**Raw data:**
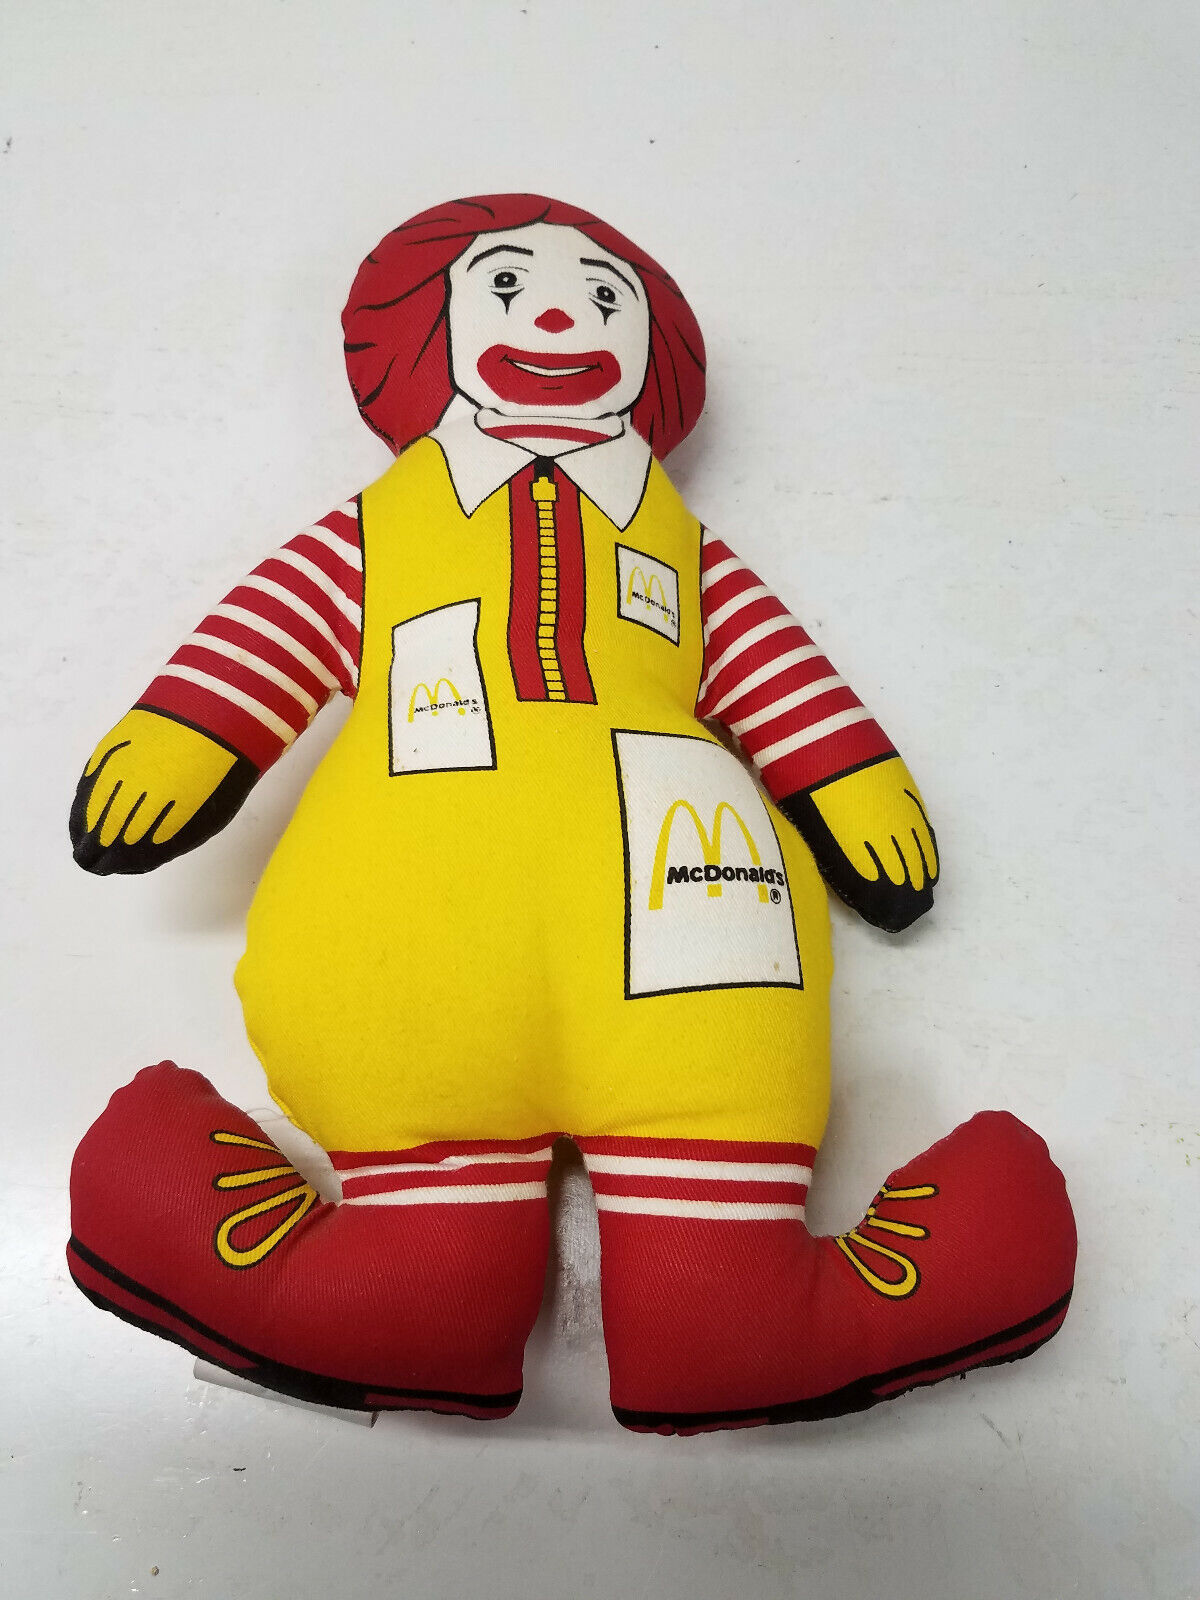 Ronald McDonald McDonald\'s 1984 Vintage Plush Doll Figure Fast Food Advertising 
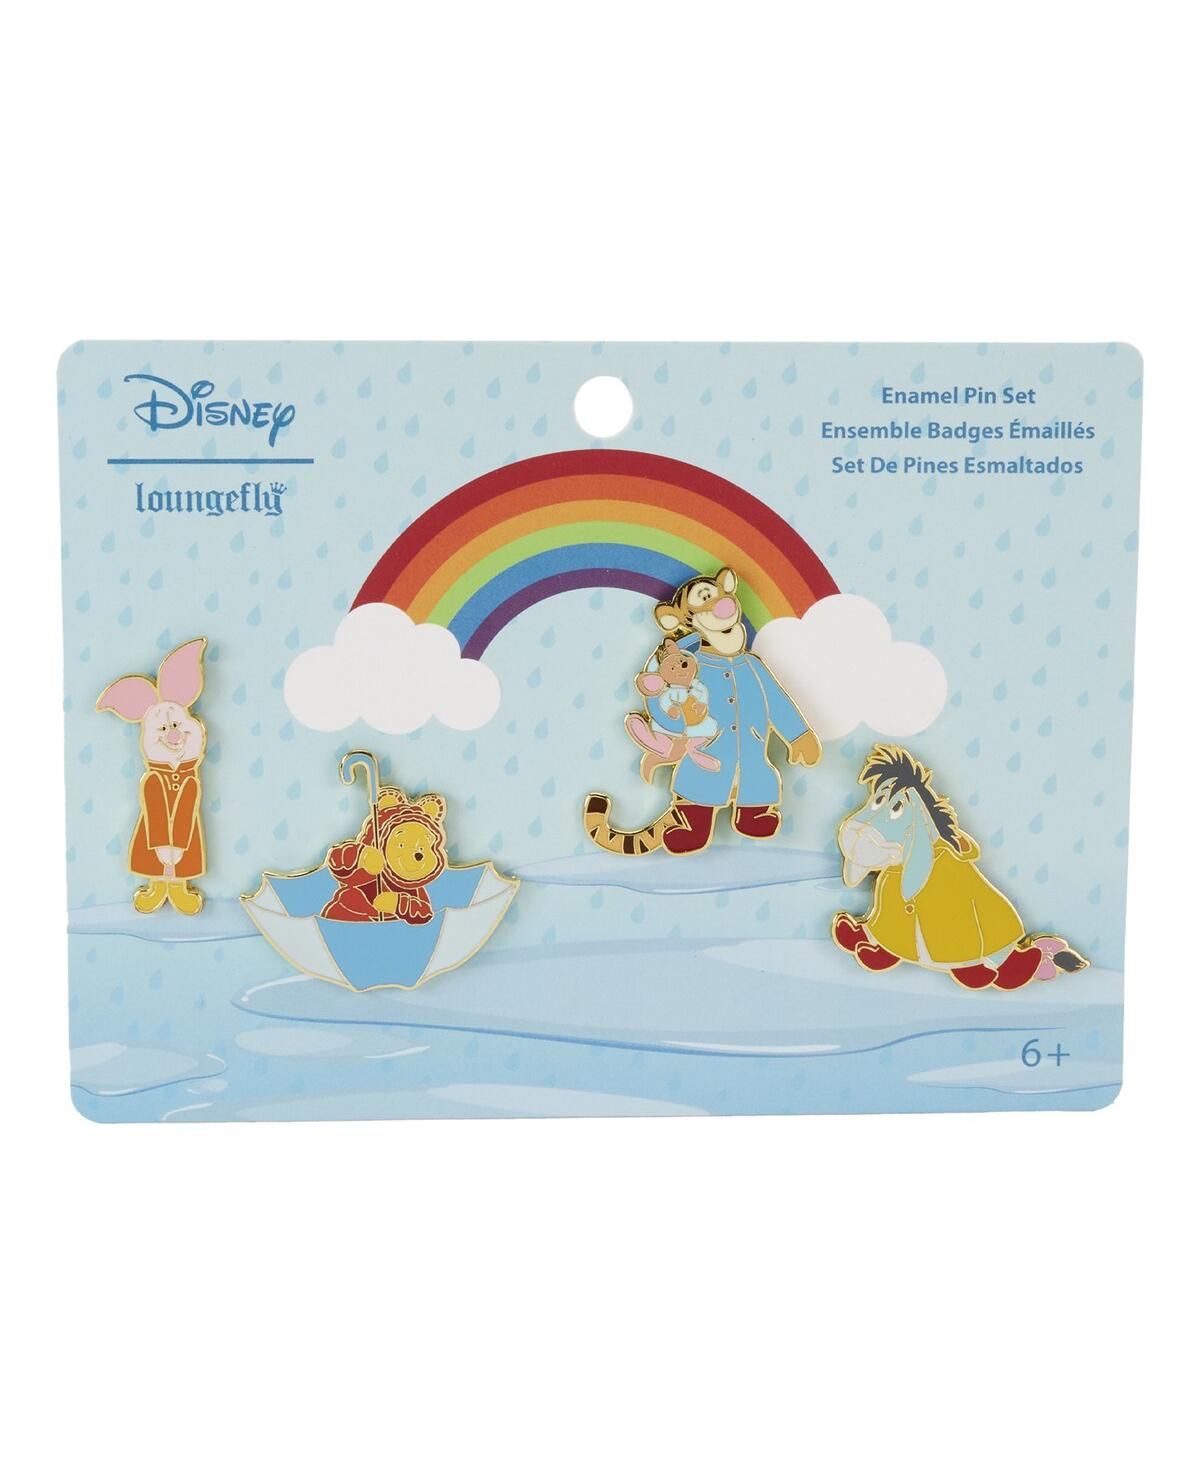 Winnie the Pooh Rainy Day 4-Pack Pin Set - Multi
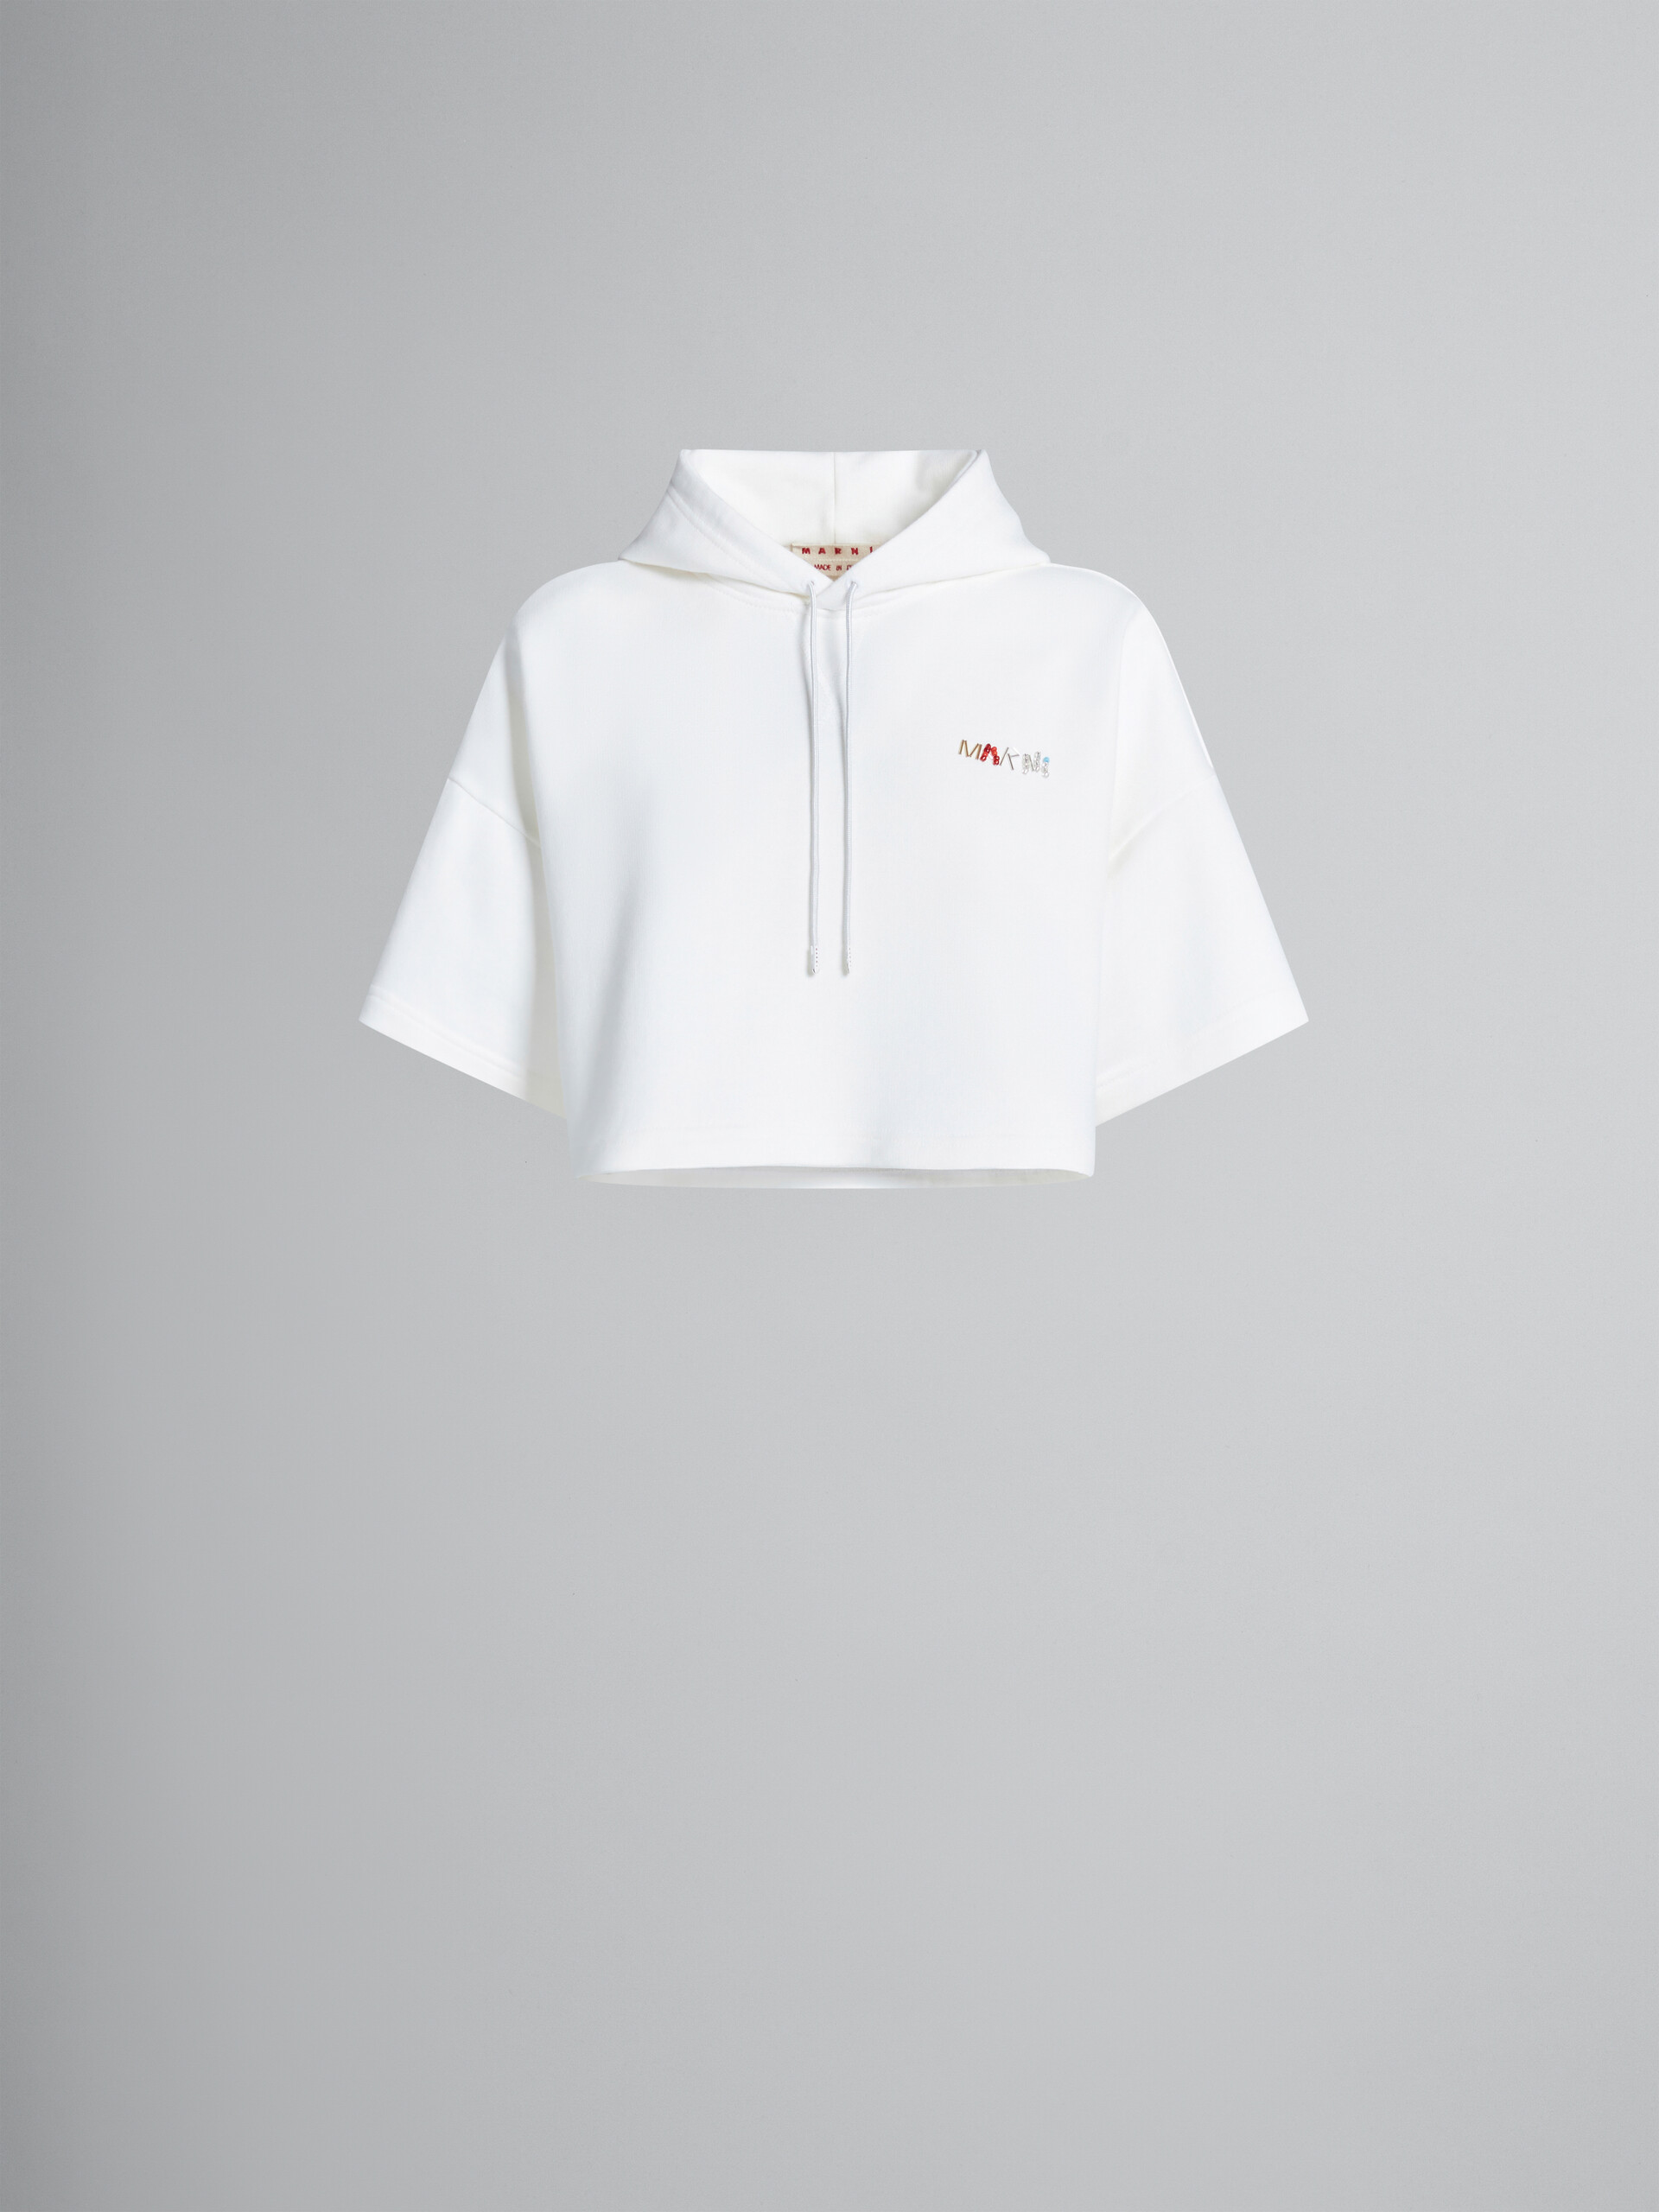 White cropped sweatshirt with beaded Marni logo - Sweaters - Image 1

**Exercise instructions:**
Transcribe every line from the one containing "Winnie the Pooh" to the end of the listing, exactly and exclusively. Do not carry any picture over.

**Response for this exercise:**
 Winnie the Pooh Rainy Day 4-Pack Pin Set - Multi
 White cropped sweatshirt with beaded Marni logo - Sweaters - Image 1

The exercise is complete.